Modern multi-modal learning leverages large models, such as large language models (LLMs), to integrate diverse data sources (e.g., text, images, audio, and video) and enhance understanding and decision-making. However, the inherent complexities of multi-modal learning introduce unique safety challenges that existing frameworks, primarily designed for uni-modal models, fail to address. This tutorial explores the emerging safety risks in multi-modal learning and provides insights into future research directions. We begin by examining the unique characteristics of multi-modal learning -- modality integration, alignment, and fusion.
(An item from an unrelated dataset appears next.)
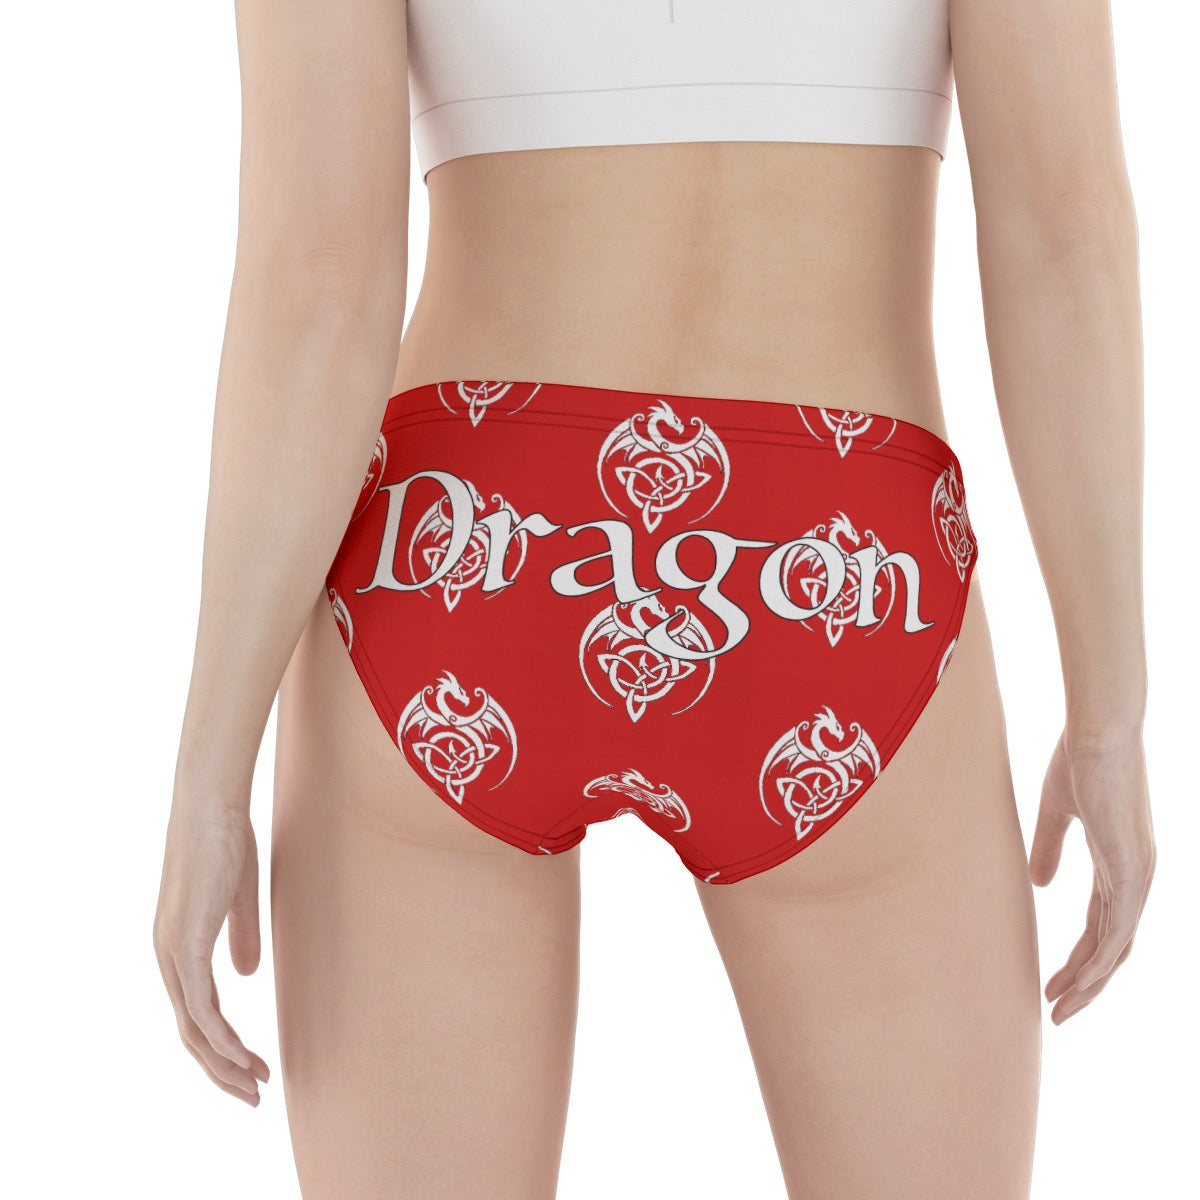 Patti's Power Panties Women's Hipster Bikini Briefs - "Dragon"
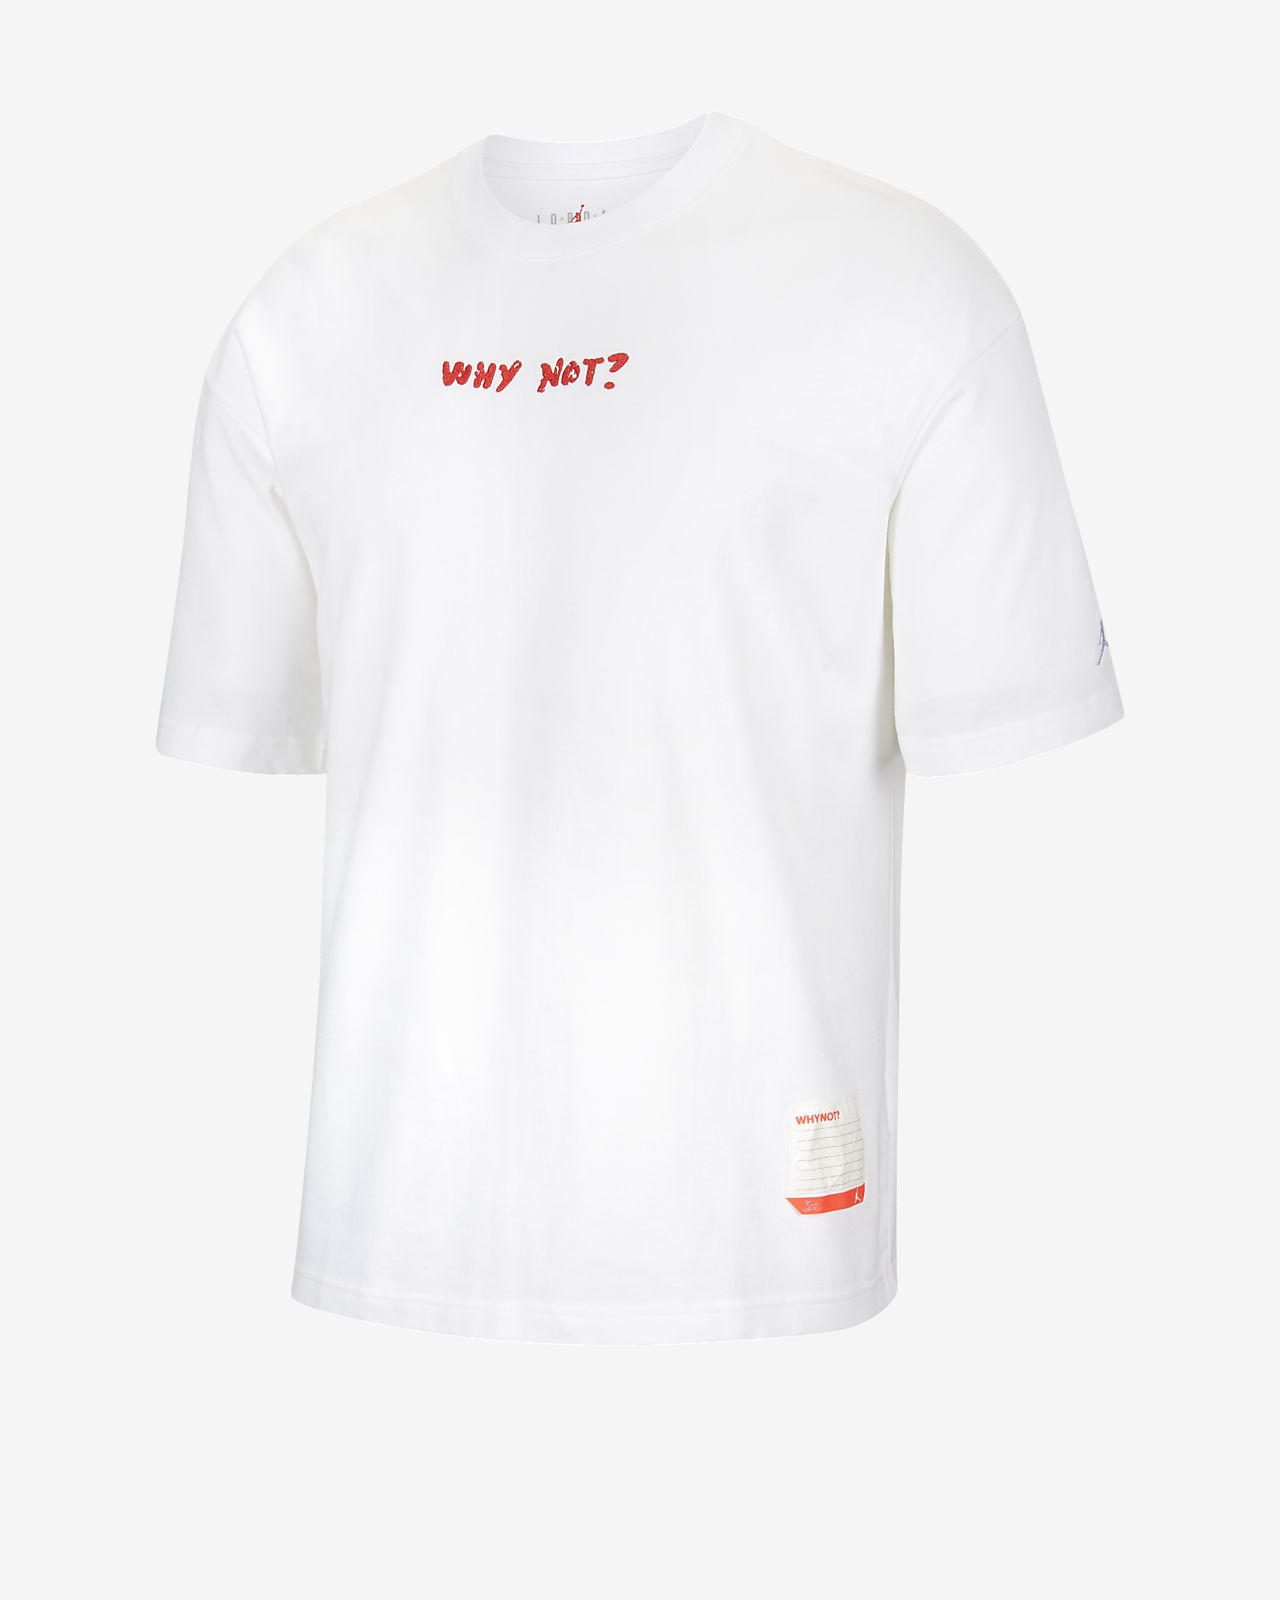 Nikeid T Shirt Off 66 Bonyadroudaki Com - roblox nike shirts id coolmine community school

We then review existing safety studies across adversarial attacks, data poisoning, jailbreak exploits, and hallucinations. Next, we analyze emerging safety threats exploiting multi-modal challenges, including risks from additional modalities, modality misalignment, and fused representations. Finally, we discuss potential directions for enhancing the safety of multi-modal learning. As multi-modal learning expands, addressing its safety risks is crucial. This tutorial lays the foundation for understanding these challenges and fostering discussions on trustworthy systems.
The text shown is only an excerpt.